How Scientists Measure The Concentration of Solutions

This is analytical chemistry!

Titrations
This is by far the most old school method for measuring the concentration of something in a liquid. The scientist prepares a solution of something that reacts with the other compound and then adds it drop by drop until there is a color change or other easy to recognize event that means the reaction is over. When the reaction is over, we call that the equivalence point. It is the time when amount of the known compound is equal to the amount of the unknown compound. Since the scientist knows how much of the unknown compound was added, some easy math can be used to calculate the concentration of the unknown. A classic example of this is done with acids and bases.
A scientist wants to know the concentration of acetic acid in a bottle of vinegar so she adds a drop of indicator to the vinegar then titrates 100mL of the vinegar with 0.1M sodium hydroxide until the equivalence point is reached. Once the equivalence point has been reached, she knows how much NaOH was used to neutralize the acetic acid, so she can easily calculate the concentration of acetic acid in the vinegar.
Doctors sometimes say that they are titrating a patient onto a medication. That is a fancy way of saying that they give the patient a little bit more medicine each day until they have found the right dose.

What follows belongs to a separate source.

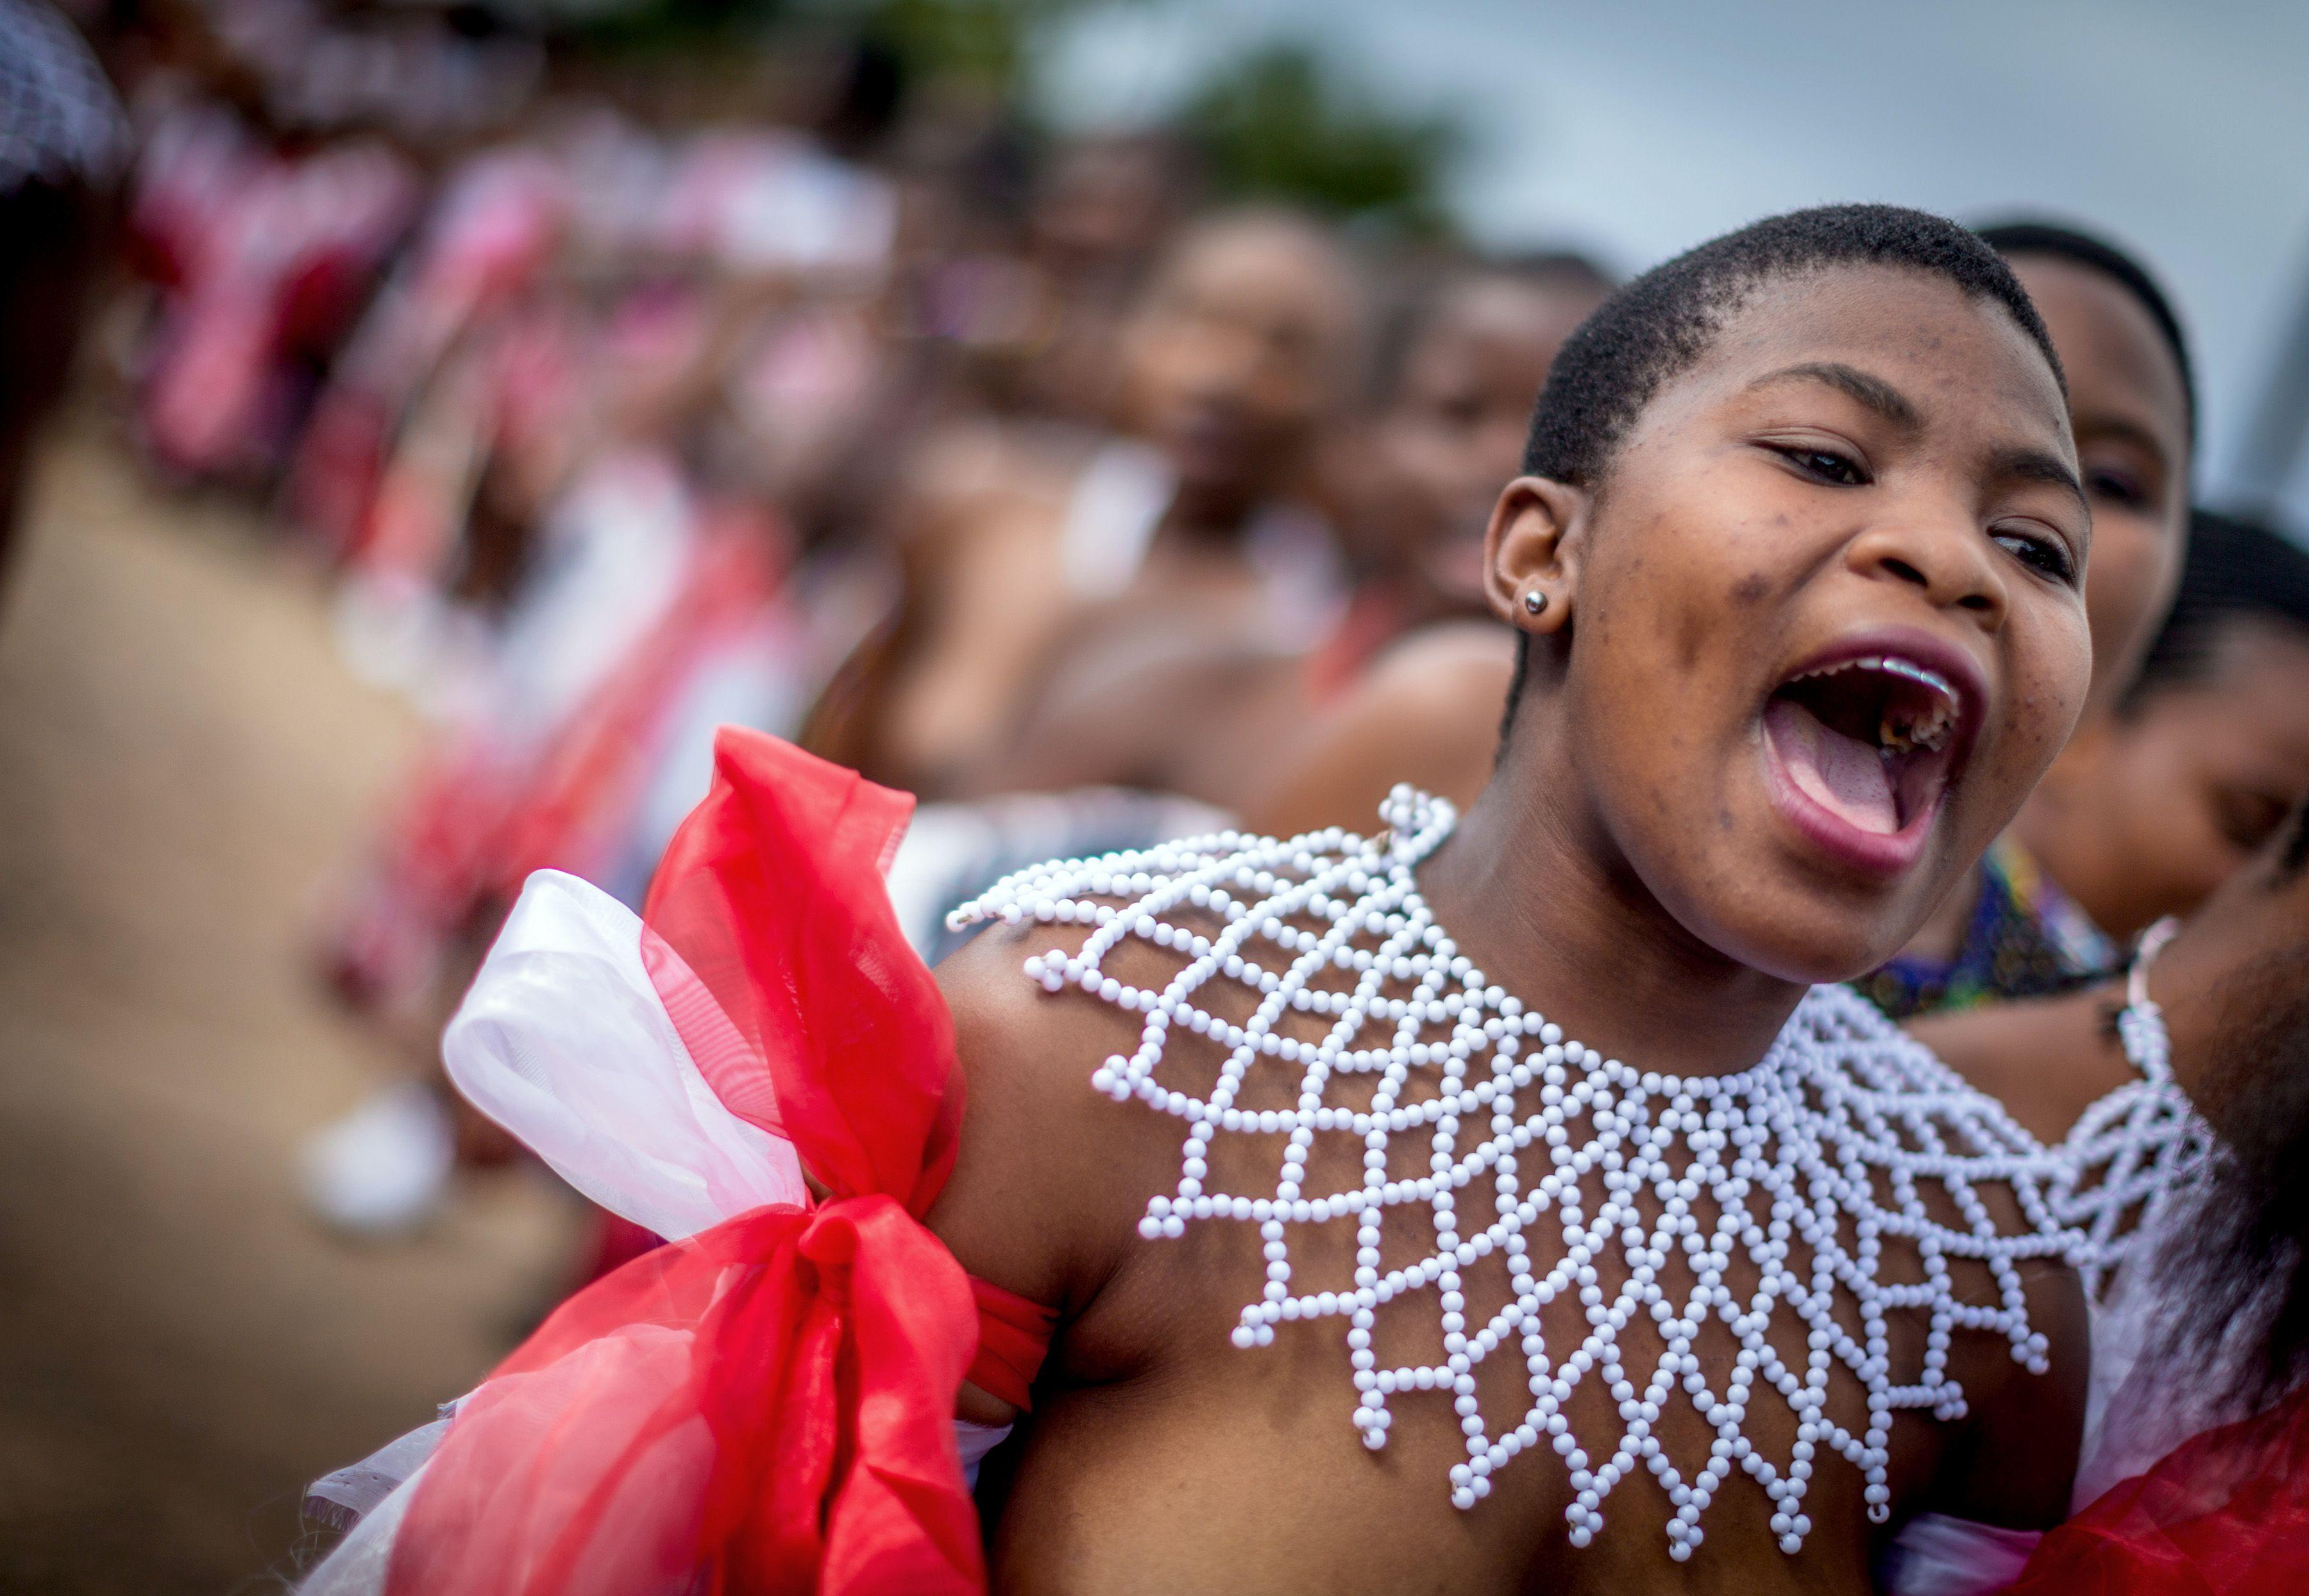 一名穿著南非祖魯族傳統服飾的少女參加小型的芒草舞蹈表演時高聲呼喊。(Getty Images)

Spectrophotometry and UV-Vis Spectrometry
If you are making fruit punch, and you add water to it, the color of your beverage will not be as dark.
Beer’s law says that the amount of light a liquid absorbs is directly related to it’s concentration. So if you can use a machine to measure how much light does not make it through a sample of the liquid, you can easily calculate the concentration. Not all chemicals absorb light at every wavelength.
Biochemists use a spectrophotometer to check the concentration and purity of DNA and Protein solutions every day. Proteins absorb UV radiation at 280nm and DNA absorbs at 260nm. By calculating the ratio of absorbance at 260nm and 280nm, the purity of DNA or protein can be determined. Biochemists do this all the time.

High Performance Liquid Chromatography HPLC
Just about every drug company in the country hires a ton of people to do HPLC for them. This method of measuring concentrations uses a high pressure pump to squirt liquid through a little column. In that column, each compound travels at a different speed. Every compound comes out of the column at a different time. A detector, usually a spectrophotometer or a mass spectrometer, can then tell you how much stuff came out of the column. This method of analysis requires a calibration curve.


Gas Chromatography GC
This works the same way as liquid chromatography, but only for volatile compounds. That usually means compounds with a molecular weight below 500 and a low boiling point.